“Lo faccio perché mi piace, non ho alcuna intenzione di continuare per preservare la tradizione”. Così Yosuke Miura, esponente della terza generazione, racconta il ristorante di onigiri più antico di Tokyo: 16 coperti ambitissimi, dove la polpetta di riso è religione.
La notizia
Nel centro storico di Tokyo, a pochi passi dal complesso templare Sensoji, Cnn è andata a visitare un’altra istituzione giapponese: Onigiri Asakusa Yadoroku, il più antico ristorante di onigiri della città. Qui la tradizionale polpetta di riso dal cuore di pesce, avvolta nell’alga nori, viene approntata dal 1954 ed è ormai nelle mani della terza generazione. “La ragione per cui la mia famiglia ha intrapreso questo business è semplice”, spiega Yosuke Miura, che fin da piccolo ingollava polpette di riso al posto di biscotti o merendine, rientrando da scuola. “Mio nonno non lavorava e mia nonna faticava a far quadrare i conti”. Fu lei ad avere l’idea di aprire il locale ed è una genesi che spiega l’origine del nome, dove Asakusa sta per il quartiere e Yadoroku identifica la casa numero sei, ma allude anche a una persona sfaticata, in giapponese “roku”.
“Penso che le polpette di riso siano il cibo più tipico, che tutti mangiano in Giappone, dai bambini agli anziani. Probabilmente non esiste un giapponese che non le abbia mai provate”, prosegue Miura. Di fatto gli archeologi sostengono che qualcosa di simile fosse consumato già nell’era Yayoi, fra il 300 a.C e il 250 d.C., forti di un presunto fossile; mentre dipinti e racconti provano come fosse comune fra i lavoratori e i viaggiatori, per l’agevole consumo con le mani, in chiave di street food. Cosicché nelle prime scatole bento, risalenti al XIX secolo, non poteva mai mancare.
Oggi Onigiri Asasuka Yadoroku, con i suoi 16 coperti, è un’attrazione anche turistica, grazie al bib gourmand della guida Michelin. “Per una deliziosa polpetta sono necessari appena tre ingredienti: un buon bilanciamento di alga, riso e guarnizione”. In particolare la nori della casa arriva solo da Tokyo, il riso viene scelto ogni anno dopo l’esame di campioni provenienti da tutto il paese, appena raccolti a inizio autunno (attualmente il Koshihikari della prefettura di Niigata, che l’ha spuntata su una trentina di competitor), le guarnizioni sono una dozzina, tutte raccolte in secchielli pronti per l’uso.

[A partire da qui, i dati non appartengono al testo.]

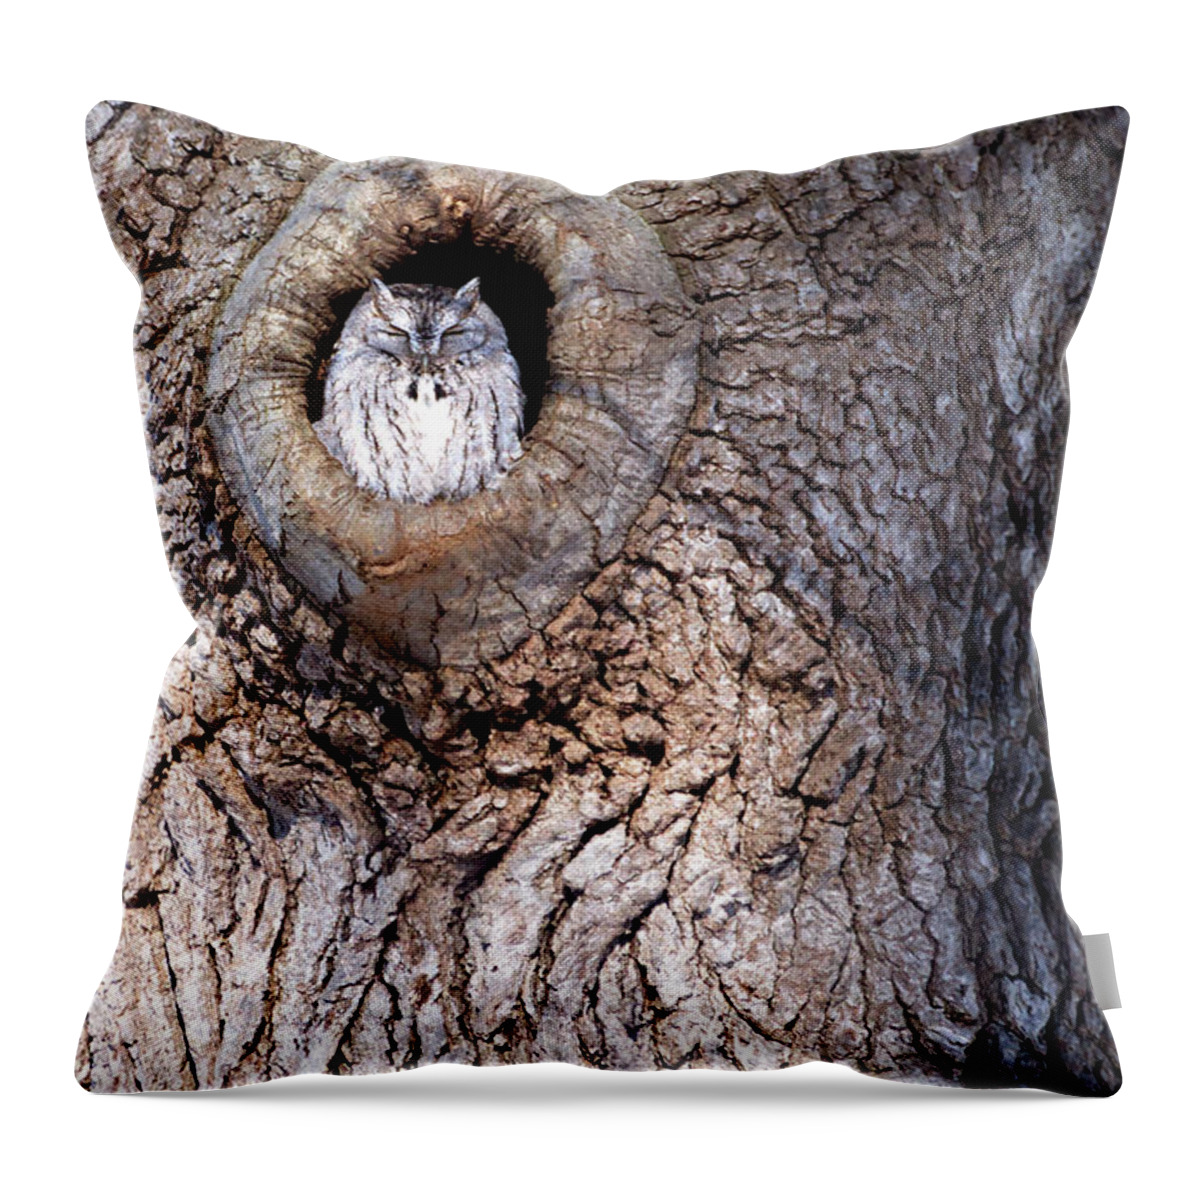 Owl Throw Pillow featuring the photograph Owl Roosting by Flinn Hackett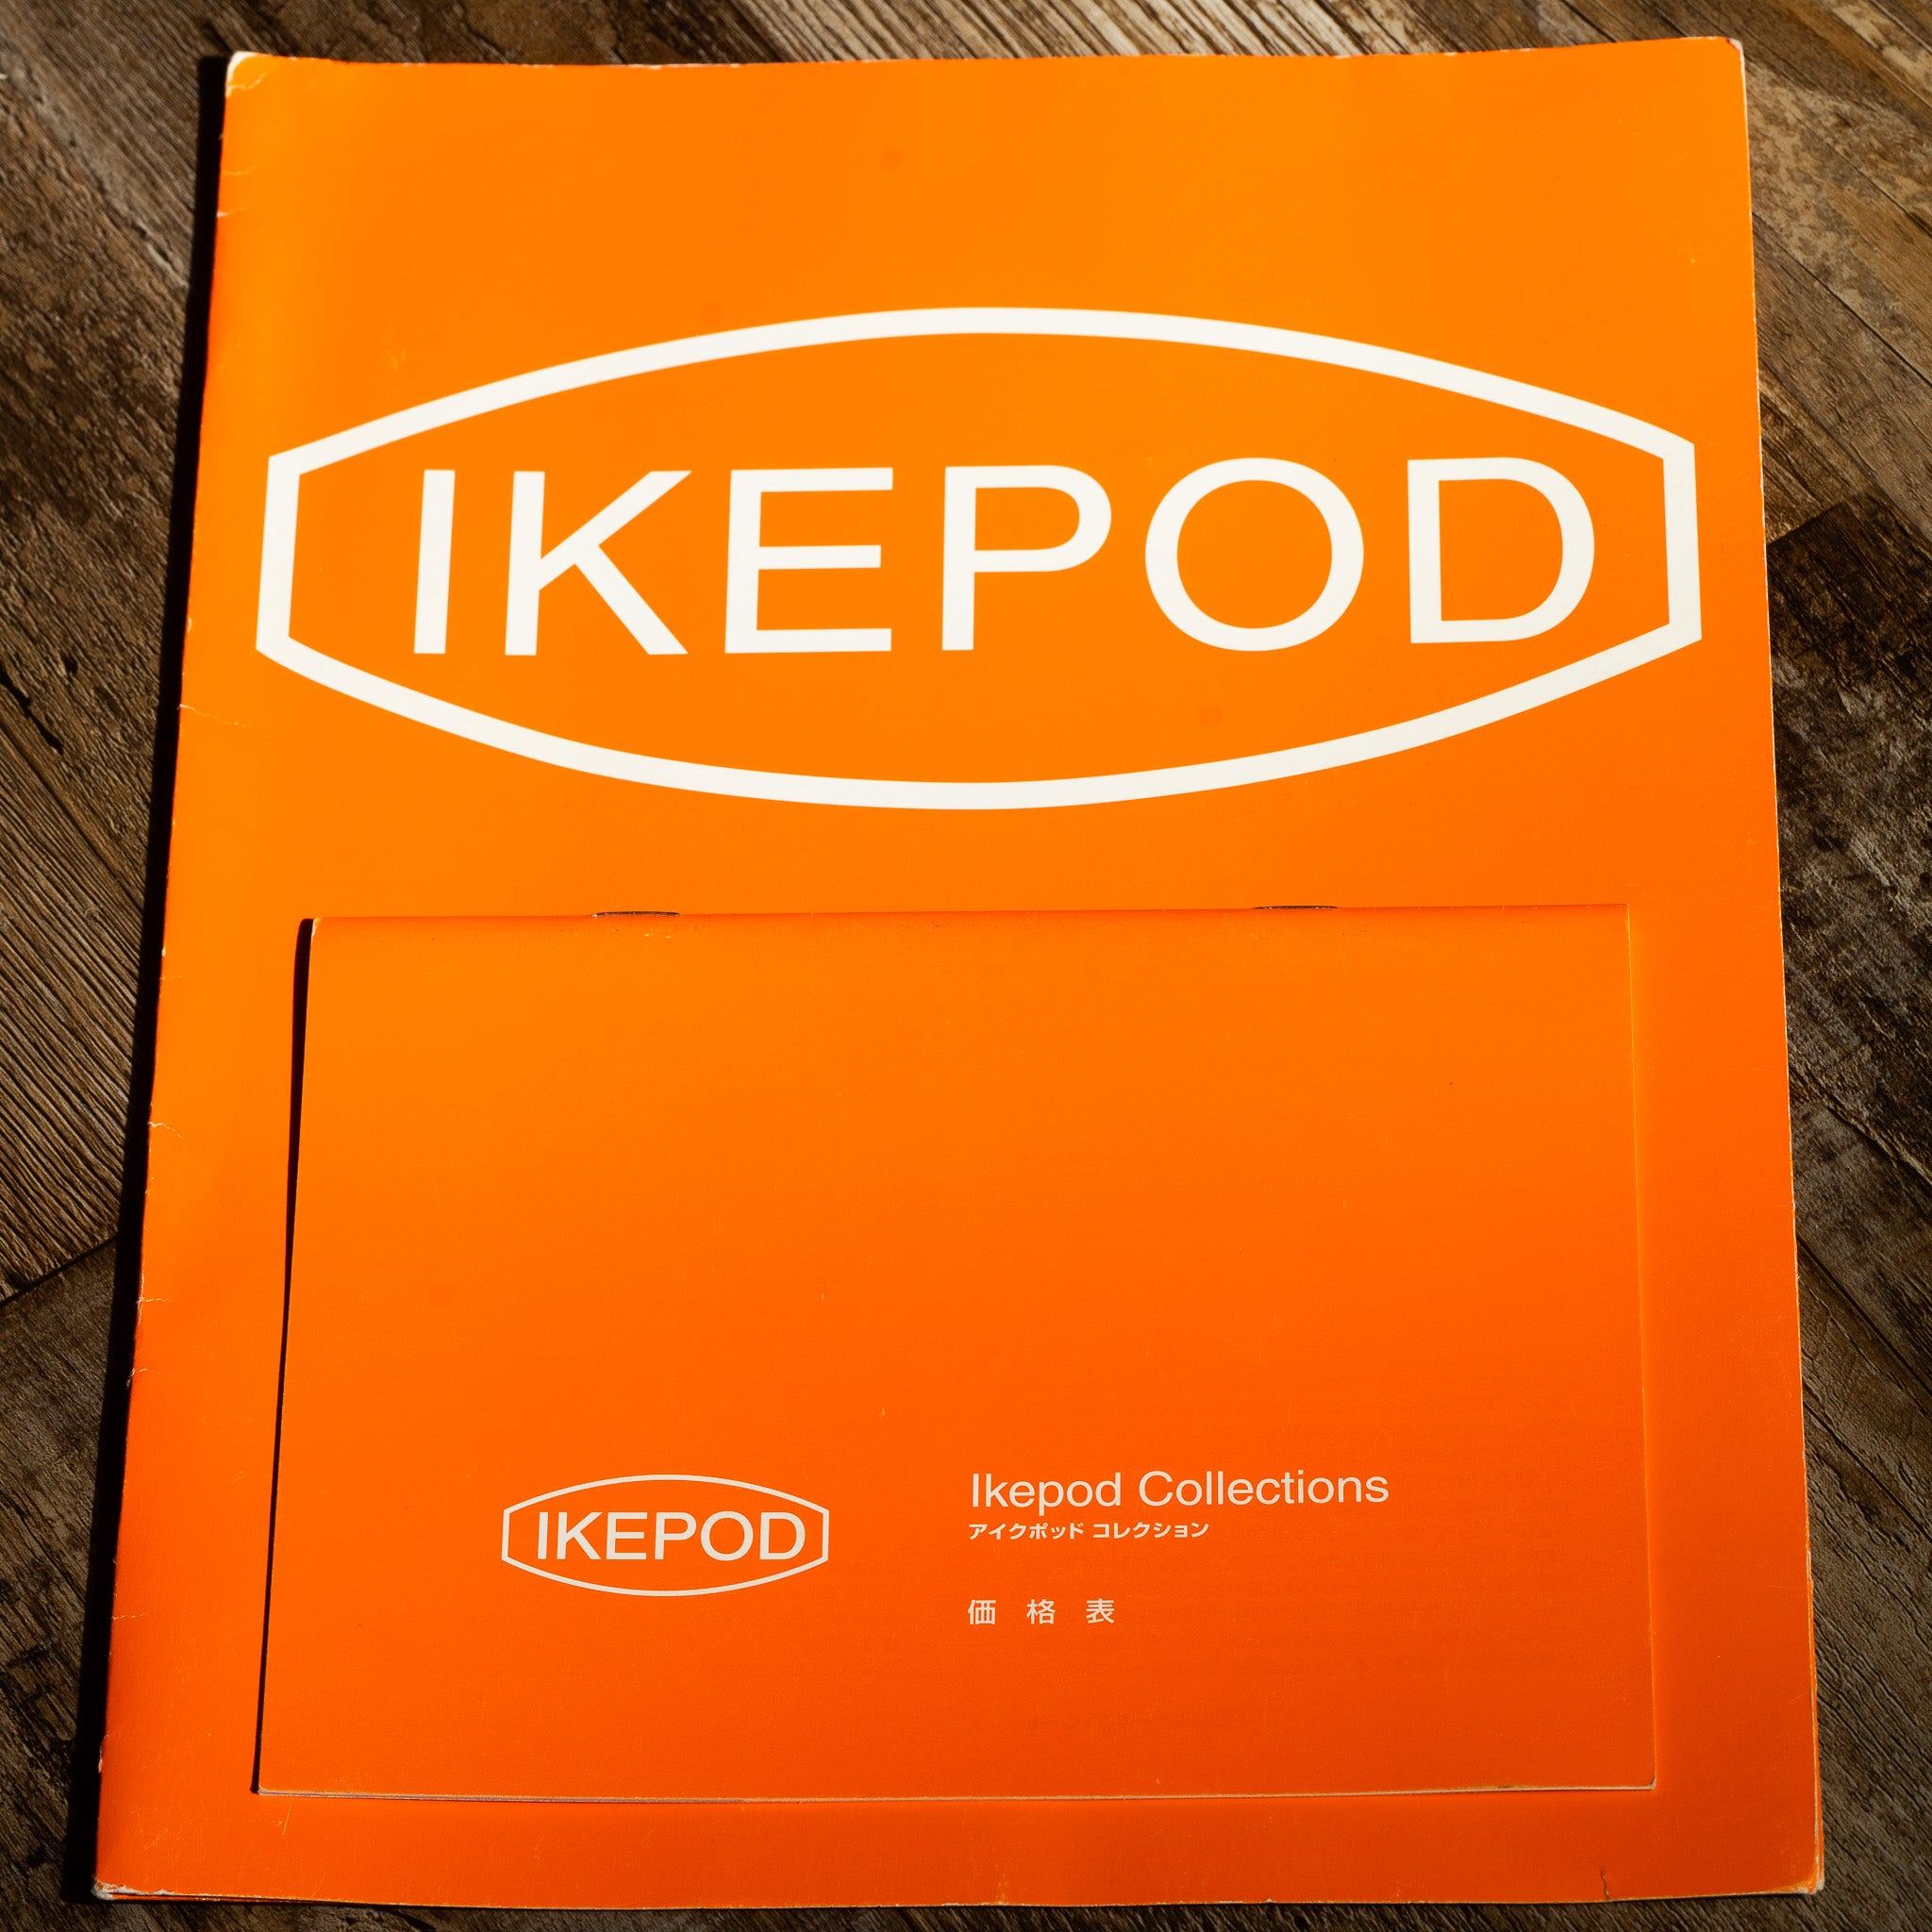 Ikepod Hemipode HD02 - "Tropical Panda" - Incredible Full Collector Set

È sufficiente modellare in una forma triangolare il riso con l’ausilio di uno stampo, inserirvi l’elemento prescelto e avvolgere il tutto nell’alga. Al cliente l’onigiri arriva in un cestello di bambù, con la raccomandazione di mangiare rapidamente perché la nori non si inumidisca.
“Oggi tutto il mondo conosce la parola ‘onigiri’, cosicché in un certo senso sono lieto che abbiamo ottenuto qualche forma di riconoscimento”, prosegue Miura. Fra i suoi punti di forza, oltre alla praticità di consumo, c’è l’adattabilità, tanto che egli stesso ha approntato una versione con formaggio, pomodoro ed extravergine per il padiglione giapponese all’Expo di Milano. “La tradizione non è un dogma, penso non sia male incorporare ingredienti legati alla cultura del posto. Non deve trattarsi per forza di salmone o di tonno alla maionese”.